▶ _Given data_:
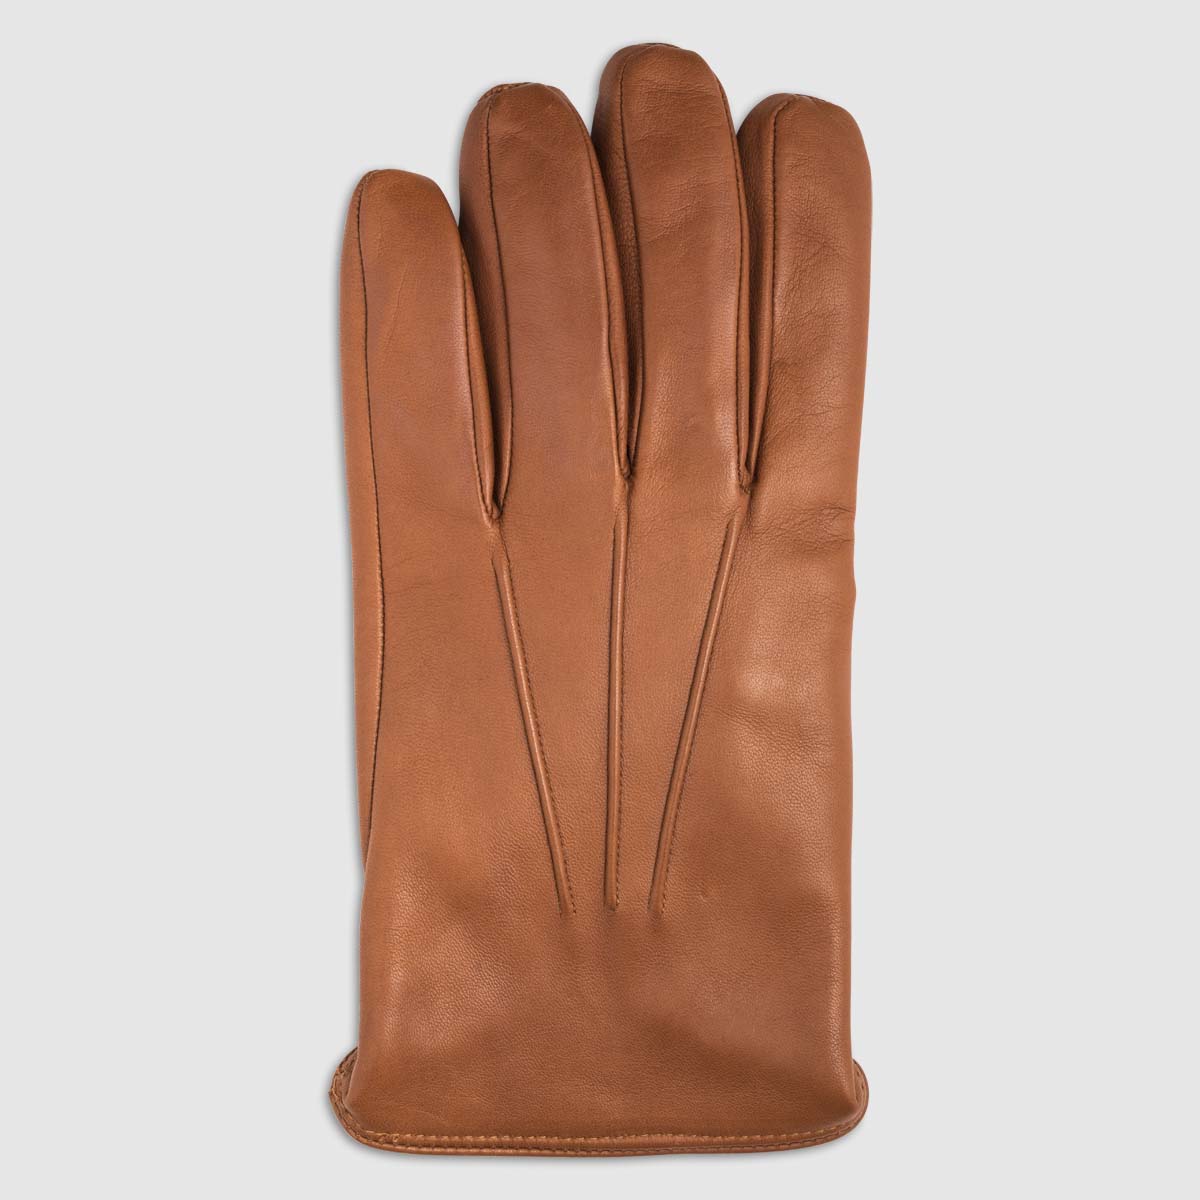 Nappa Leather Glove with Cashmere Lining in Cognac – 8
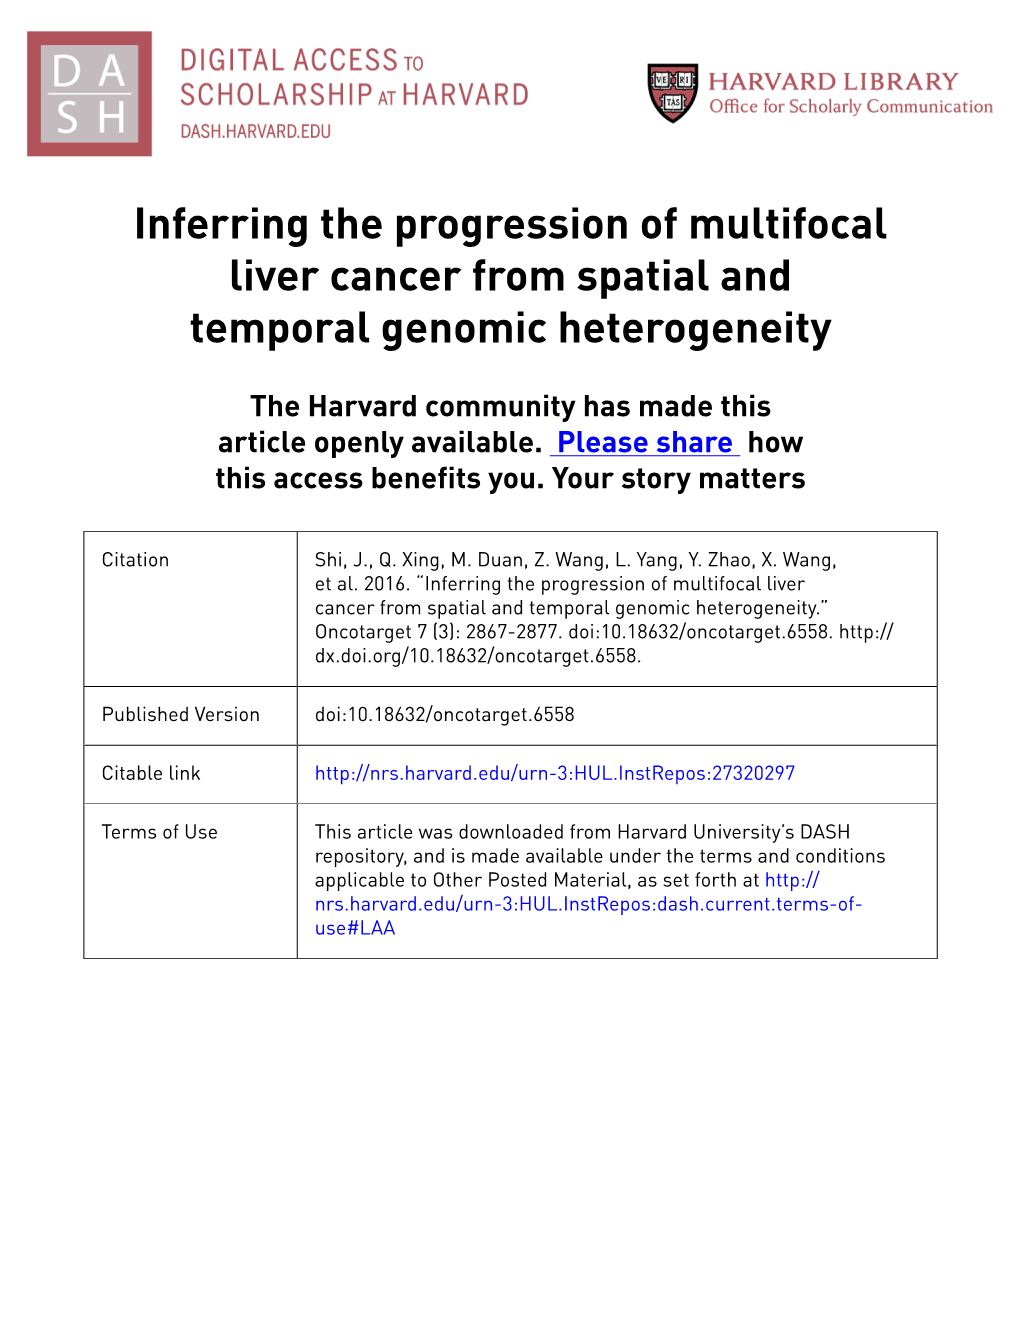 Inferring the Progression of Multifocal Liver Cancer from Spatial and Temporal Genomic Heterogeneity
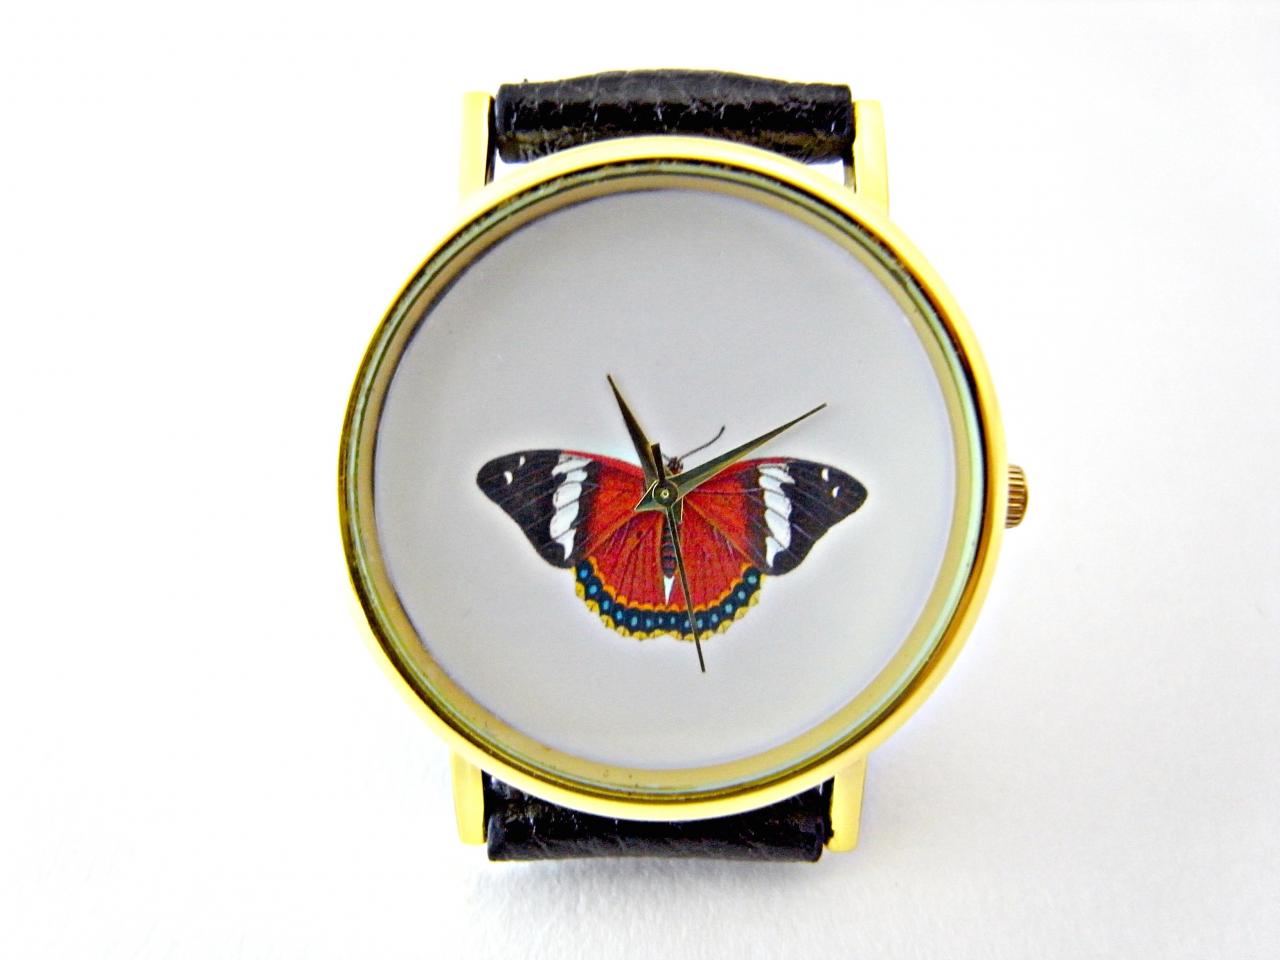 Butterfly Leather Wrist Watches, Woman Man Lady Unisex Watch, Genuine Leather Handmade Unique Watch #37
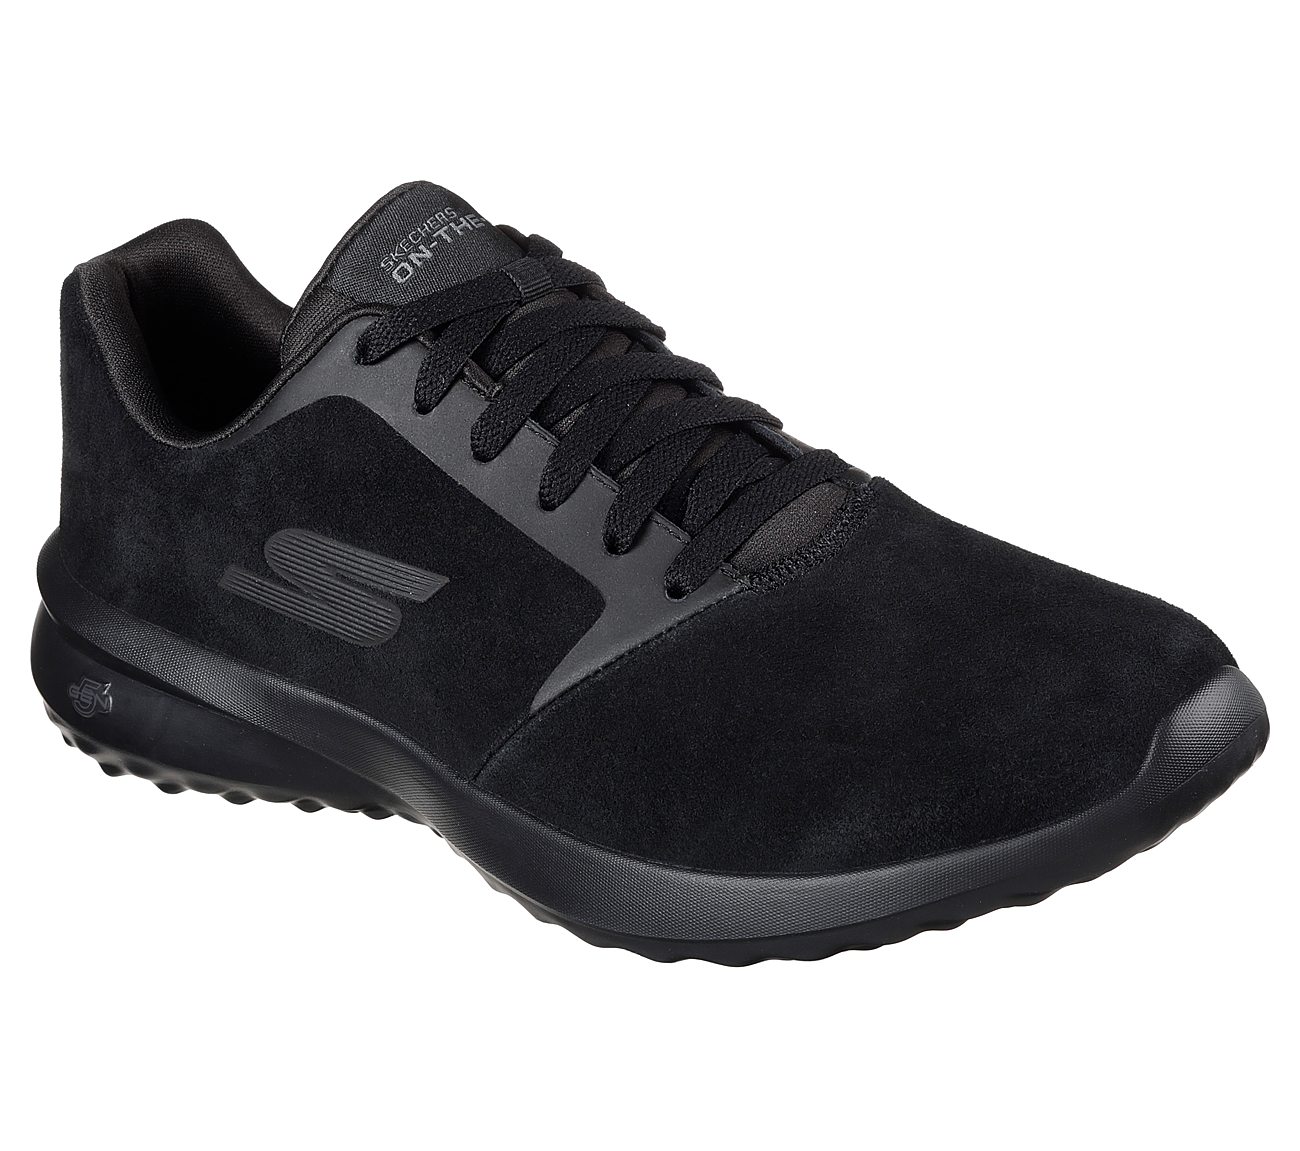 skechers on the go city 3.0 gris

▶ _Work request_: Could you set down the material above word for word while dropping its pictures?

▶ _Written answer_:
 Nappa Leather Glove with Cashmere Lining in Cognac – 8
 Inferring the Progression of Multifocal Liver Cancer from Spatial and Temporal Genomic Heterogeneity
 Butterfly Leather Wrist Watches, Woman Man Lady Unisex Watch, Genuine Leather Handmade Unique Watch #37
 skechers on the go city 3.0 gris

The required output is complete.